Canada is investigating reports that two women found by Iraqi security forces in a secret tunnel under the Old City of Mosul, the northern Iraqi former bastion of the Islamic State militant group (ISIS), are Canadian.
They were part of a 20-strong group of women hiding in the city after Iraqi forces wrested it from ISIS after three years of control. The group was composed of two Canadians, five Germans, three Russians, three Turkish citizens, a Chechen and six Libyans and Syrians, according to reports in the Kurdish press that cited an Iraqi counterterrorism official.
The reports said Iraqi forces found the women in a secret tunnel in the Quleiat neighborhood of Mosul. Iraqi counterterrorism expert Haider al-Araji said the females had guns and explosive devices with them in the tunnel.
"We are aware of these media reports. Canadian officials are contacting local authorities and gathering additional information," Global Affairs spokesperson Jocelyn Sweet said in an email to Canadian newspaper The Globe and Mail.
The Canadian military is a member of the U.S.-led coalition battling ISIS in Iraq, providing an assistance role to Iraqi security forces. Last month, a member of the Canadian military recorded the farthest sniper kill in history, hitting an ISIS fighter from more than 2 miles away.

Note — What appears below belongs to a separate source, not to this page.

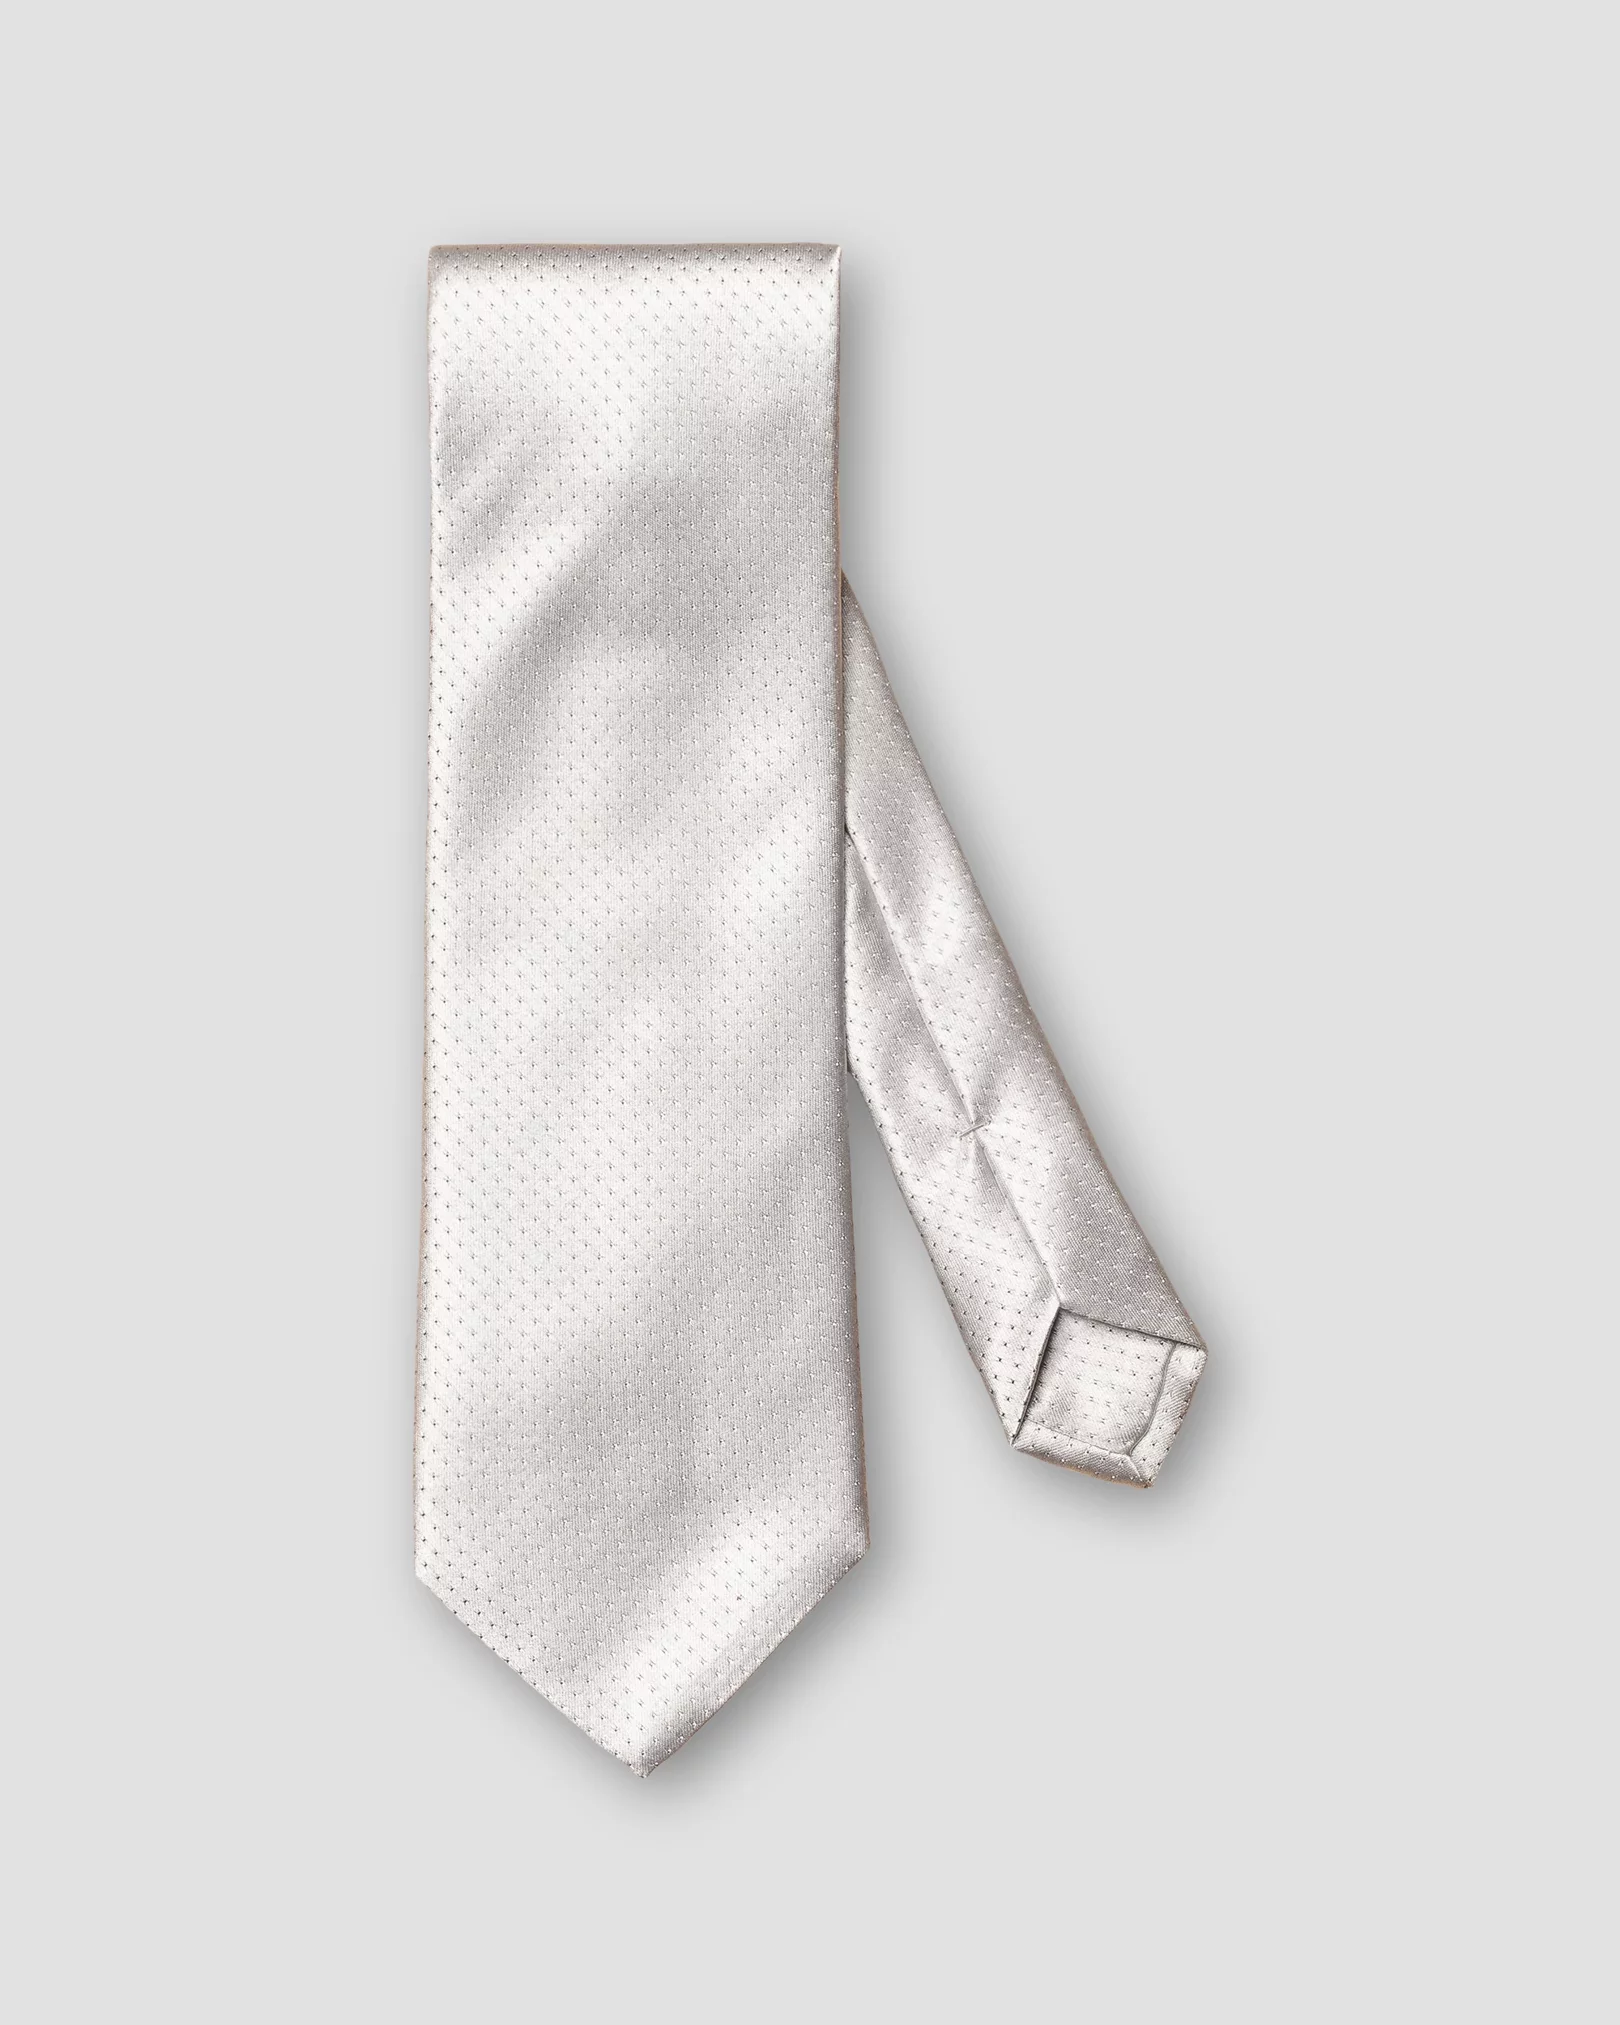 Eton - light grey pin dot tie
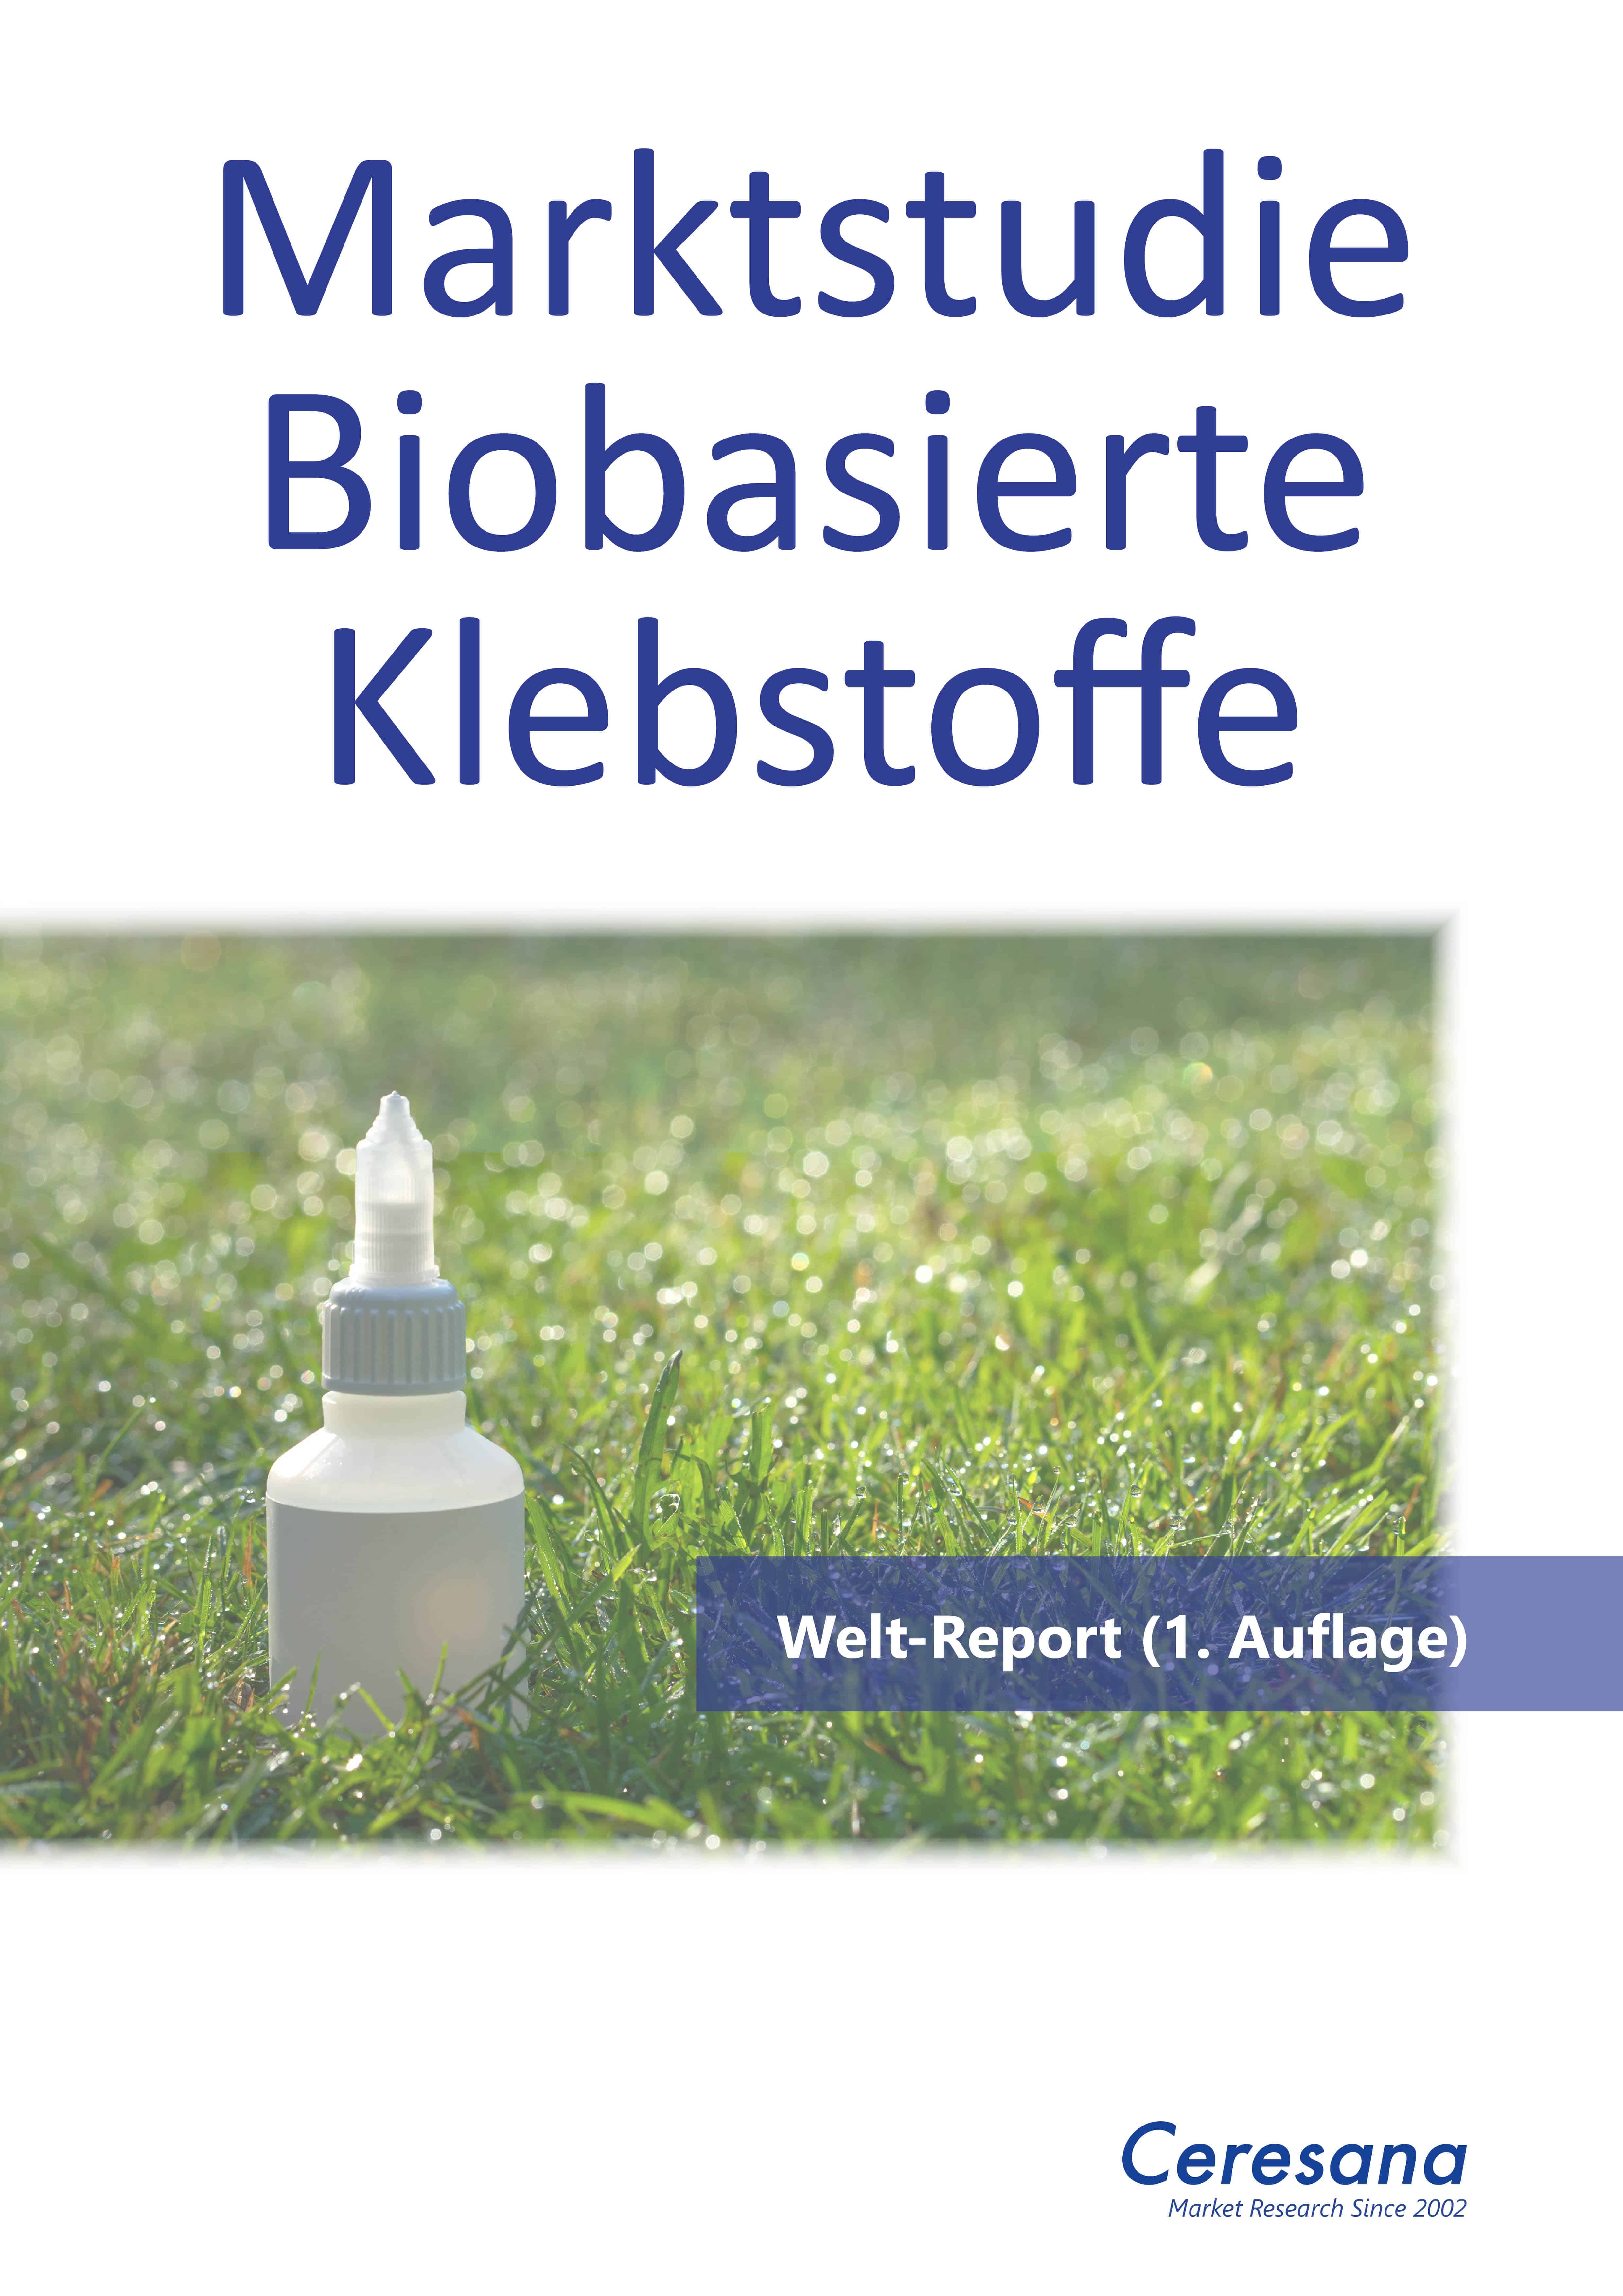 Die Marktstudie „Biobasierte Klebstoffe“ ist erhältlich (Quelle: Ceresana)

Canadian nationals were among those who joined the militant group, according to Canada's foremost expert on jihadism, Amarnath Amarasingam, a post-doctoral fellow at the University of Waterloo. In an interview with Canada's National Post, Amarasingam said his research had uncovered more than a dozen Canadian women who traveled to Iraq and Syria to live under the group's rule in its self-styled caliphate.
One of the women captured in the tunnel was allegedly a 16-year-old German who is thought to have fled her home country last year to join the militants. German authorities are still investigating her identity.
The group used a wave of female suicide bombers against Iraqi forces as the city slipped out of its grasp. Experts say ISIS's use of women for attacks to defend its territory in Iraq and Syria, previously forbidden under the group's strict separation of gender roles, signals the end of the group's demi-state.
After nine months of battle, thousands of dead and tales of horror from inside Mosul, ISIS no longer controls a major city in Iraq. The group initially advanced rapidly across the northern and western areas of the country but has lost control of major population centers including Tikrit, Fallujah and Ramadi.